Surfactants stabilize biomolecules against interfacial stress and/or prevent adsorption. Polysorbate 20, polysorbate 80 and poloxamer 189 are surfactants for parenteral application in biopharmaceutical products. Besides their benefits, it is common knowledge that surfactants, such as polysorbates, are prone to degradation by hydrolysis and oxidation. While such degradation can directly affect the function of the surfactant, it could also lead to the formation of insoluble fatty acid-related particles over time - a potential issue for the safety and efficacy of a biopharmaceutical drug product.




Principle

Solid phase extraction employs the same basic principles as chromatography.

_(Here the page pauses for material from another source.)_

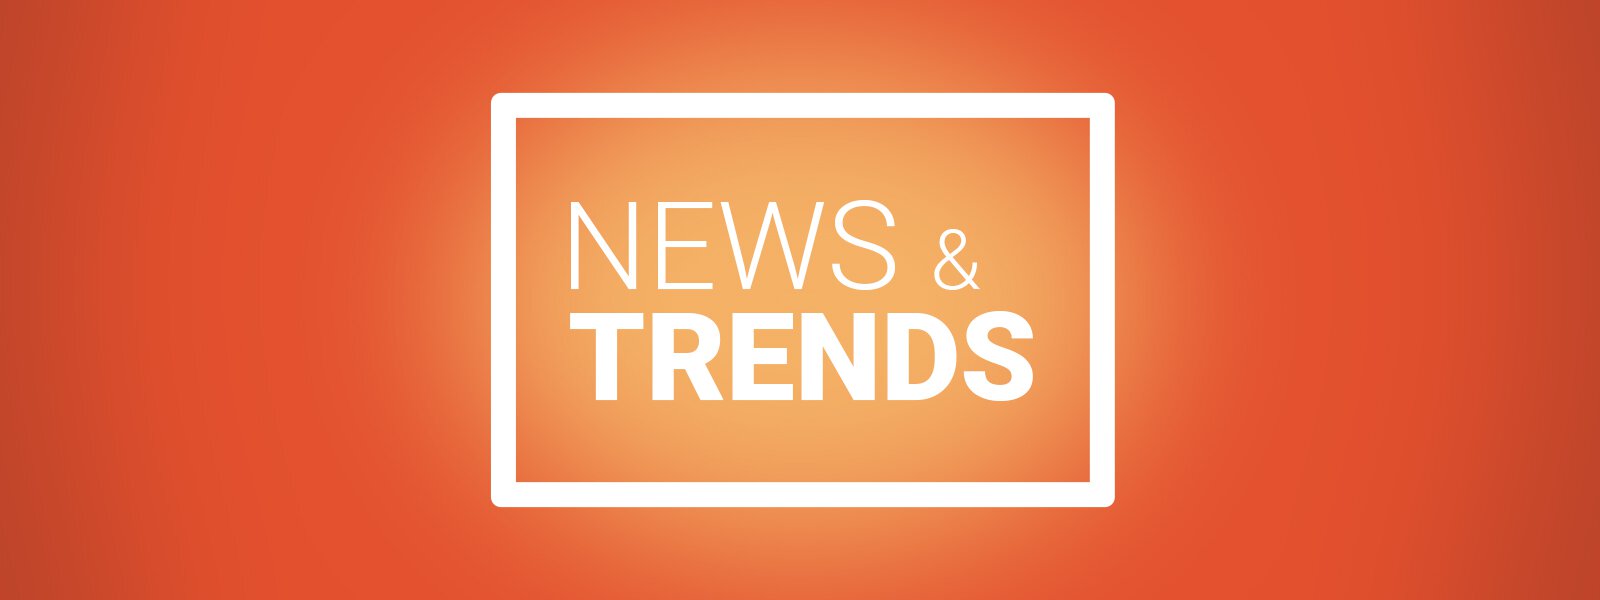 News & Trends

SPE makes use of the same HPLC column solid phase packing materials in a single-use container such as plastic tubular cartridges , 96-well plates, or pipette tips. Like HPLC columns, there are many stationary phase options to choose from, such as reversed phase, ion exchange, normal phase, and mixed mode phases. Unlike HPLC, SPE is typically performed as a low resolution and very low-pressure method designed to prepare samples by removing interfering substances or concentrating a sample.

Applications

Biopharmaceutica

Procedure

1. Sample pre-treatment.
2. Column conditioning.
3. Column re-equilibration after column conditioning.
4. Sample application.
5. Solvent wash to remove interferences.
6. Elute compounds of interest.

Materials

• Sample: Surfactants (such as: integral part of biopharmaceutical formulations), polysorbate 20 (PS20), polysorbate 80 (PS82), Buffer excipients (such as: amino acids or saccharides), Small molecule APIs
• Equipment: Solid Phase Extraction Equipment

Notes

• The quality requirements for pharmaceutical grade polysorbate 20 and 80 are specified in the different pharmacopoeias. For polysorbate 80, the Chinese Pharmacopoeia describes the strictest regulations for the fatty acid composition and requests an all-oleate polysorbate (≥ 98%), whereas the European and US pharmacopoeias specify a purity of ≥ 58% for oleic acid.
• SPE makes use of a solid phase material (there are many to choose from) that functions to retain the interfering substances, while solvents elute the sample, which is collected and analyzed.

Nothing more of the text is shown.